Mikey Bennett is a Jamaican music producer, composer, musician and singer.

Early life and influences 
Mikey Bennett was born into a Christian family in Jamaica. Church is where Bennett realised he had musical talent. At the age of 12, Bennett was influenced greatly by guitarist Mikey Chung. He would write his lyrics and Chung would help Bennett put them to music. He attended what is now the Northern Caribbean University based in Mandeville, Jamaica.

Career 
Bennett has been on the music scene since the 1980s.  He has composed and produced music for international artists including Ziggy Marley, Maxi Priest, Dennis Brown, and UB40, Shabba Ranks, J.C. Lodge, Cocoa Tea,  Home T Four, Admiral Bailey, and Johnny Osbourne. He recently directed and produced a reggae album titled The Heart of Jamaica for the longtime rum producer Appleton Estate.
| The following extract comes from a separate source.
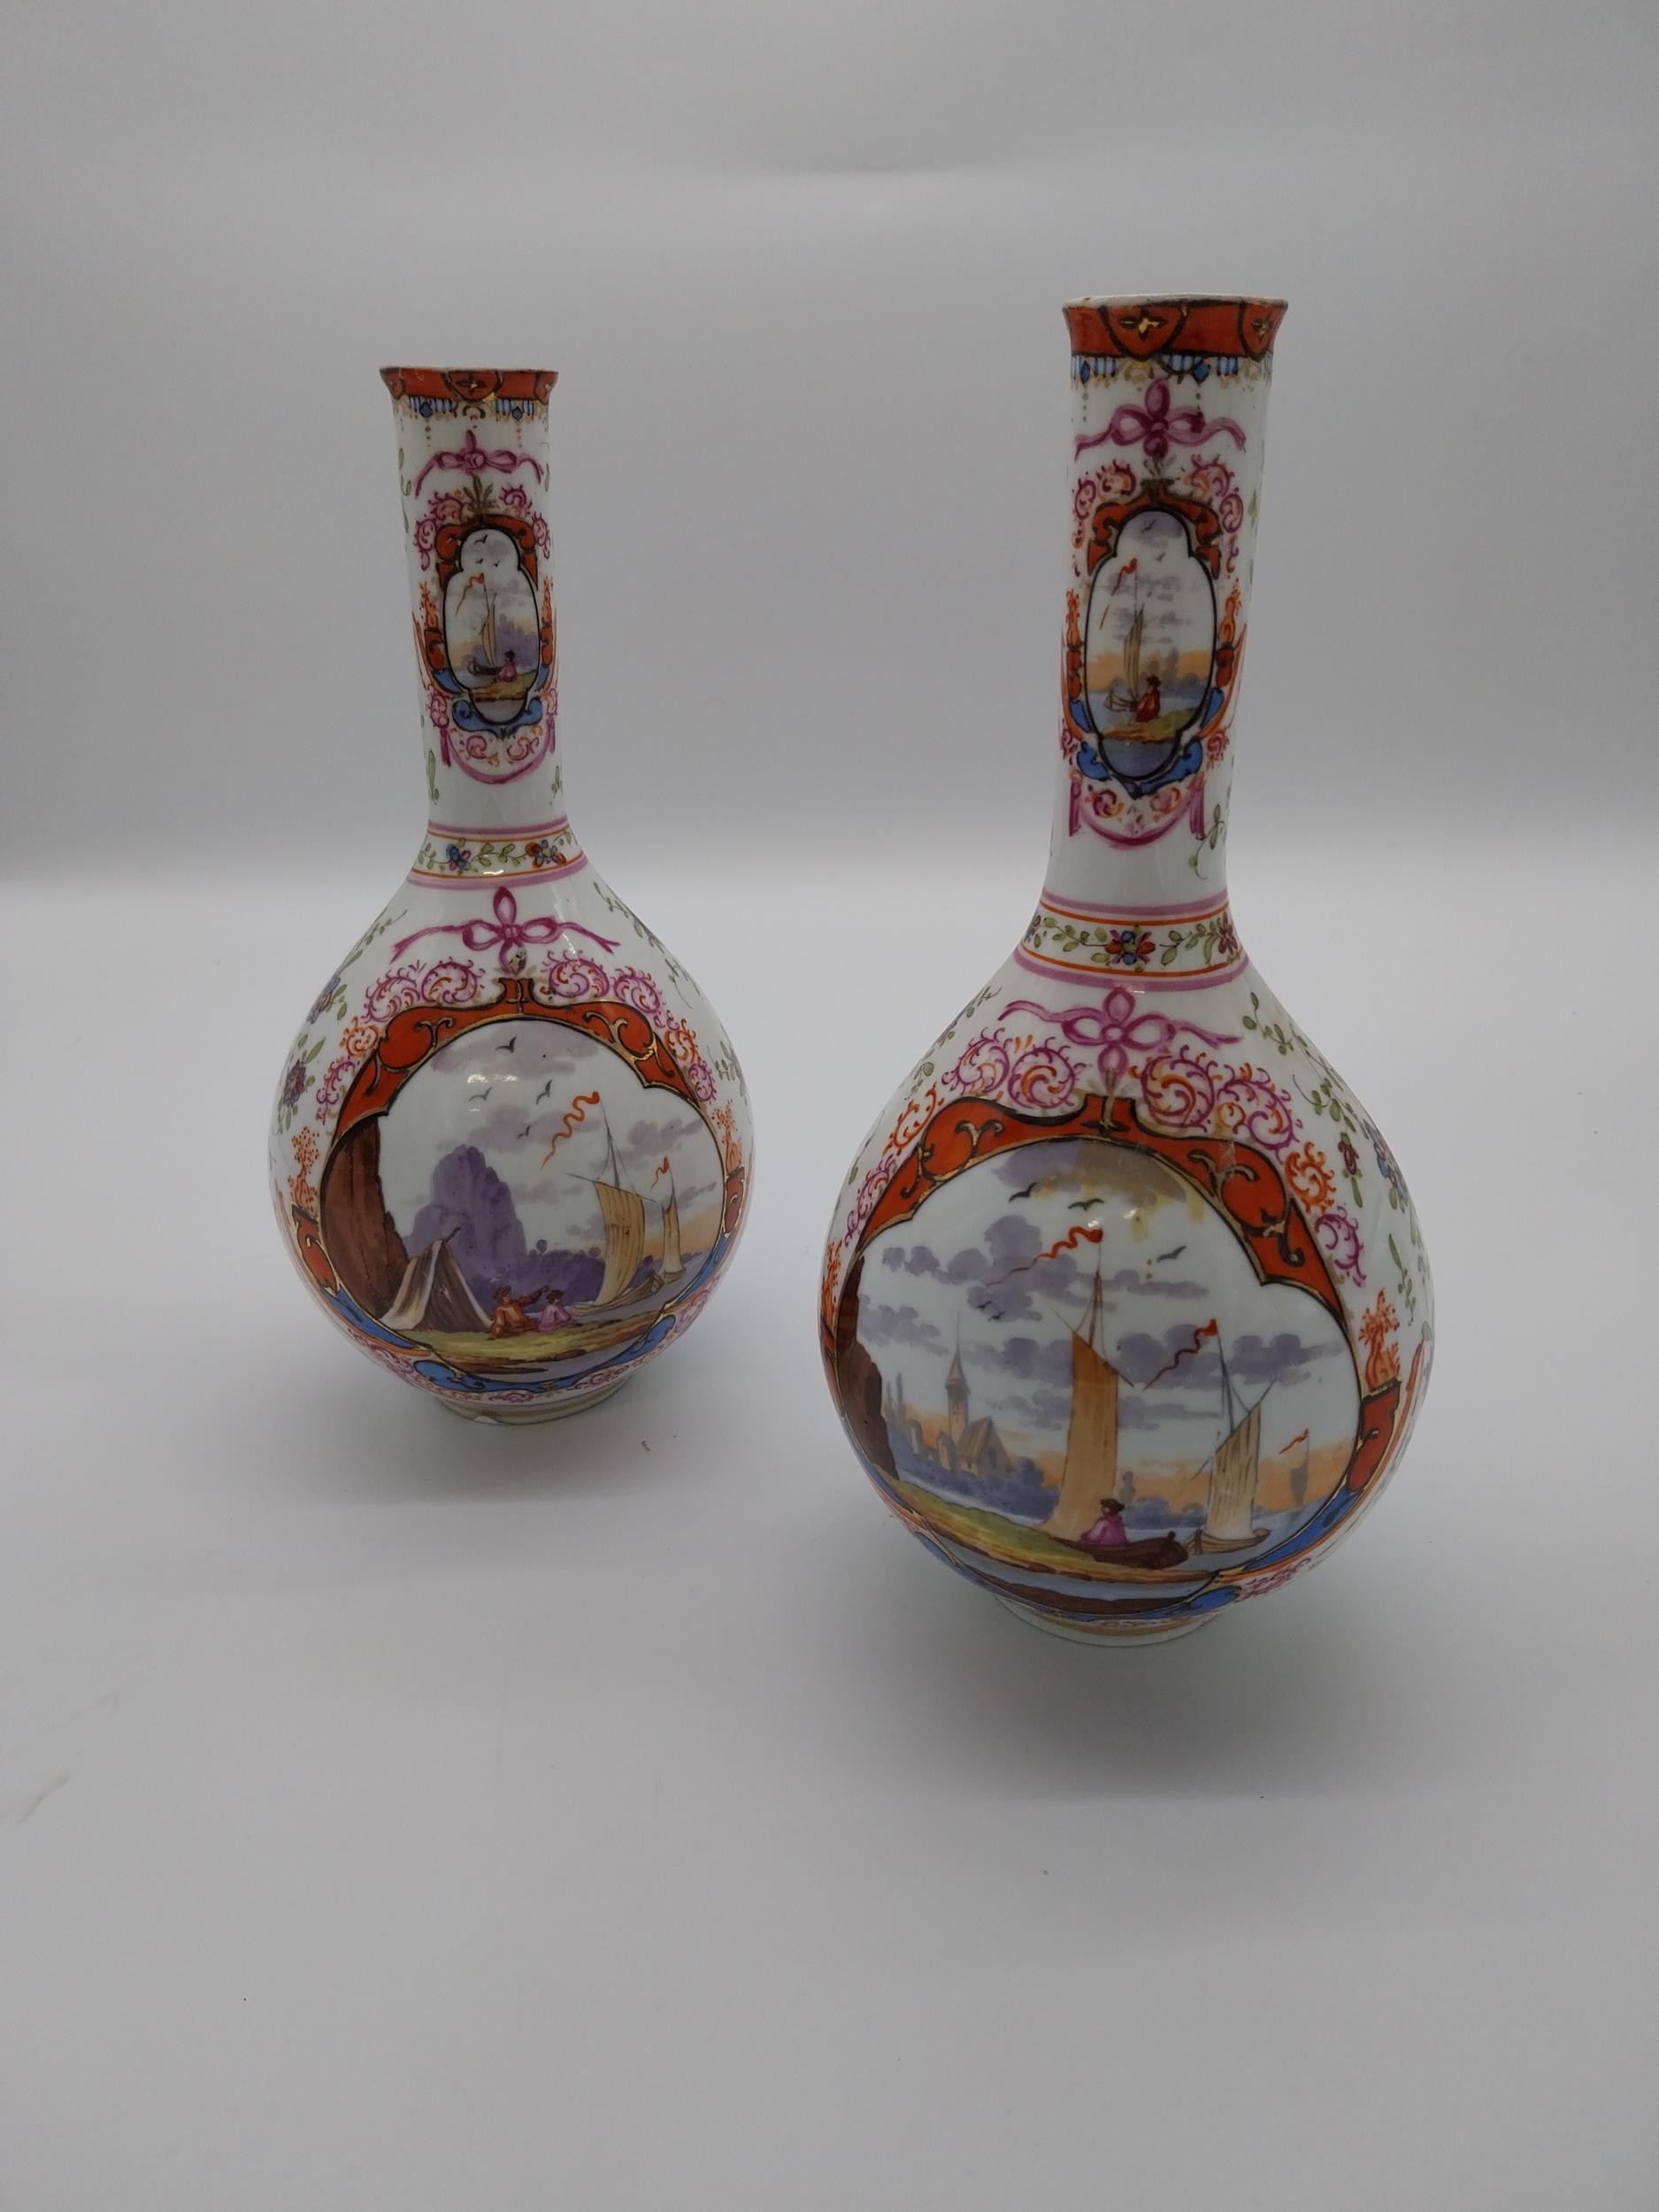 Pair of 19th C. hand painted ceramic Dresden vases depicting Venetian scenes {24 cm H x 11 cm

Bennett is the CEO of Grafton Studios in Vineyard Town, St. Andrew, Jamaica. He has also taught song writing at the University of Technology (Utech), Kingston, Jamaica. He has received many honours, among them the Jamaica Reggae Industry Association (JaRIA) award in 2017 for mentorship.

Social responsibility 
Bennet is involved in the Tower Street Correctional Facility music programme in Kingston, Jamaica and the St Catherine adult correctional centre.
Bennett also judges competitions for spotting local musical talents.

Discography

References 

Jamaican record producers
Living people
Jamaican reggae musicians
Jamaican businesspeople
Year of birth missing (living people)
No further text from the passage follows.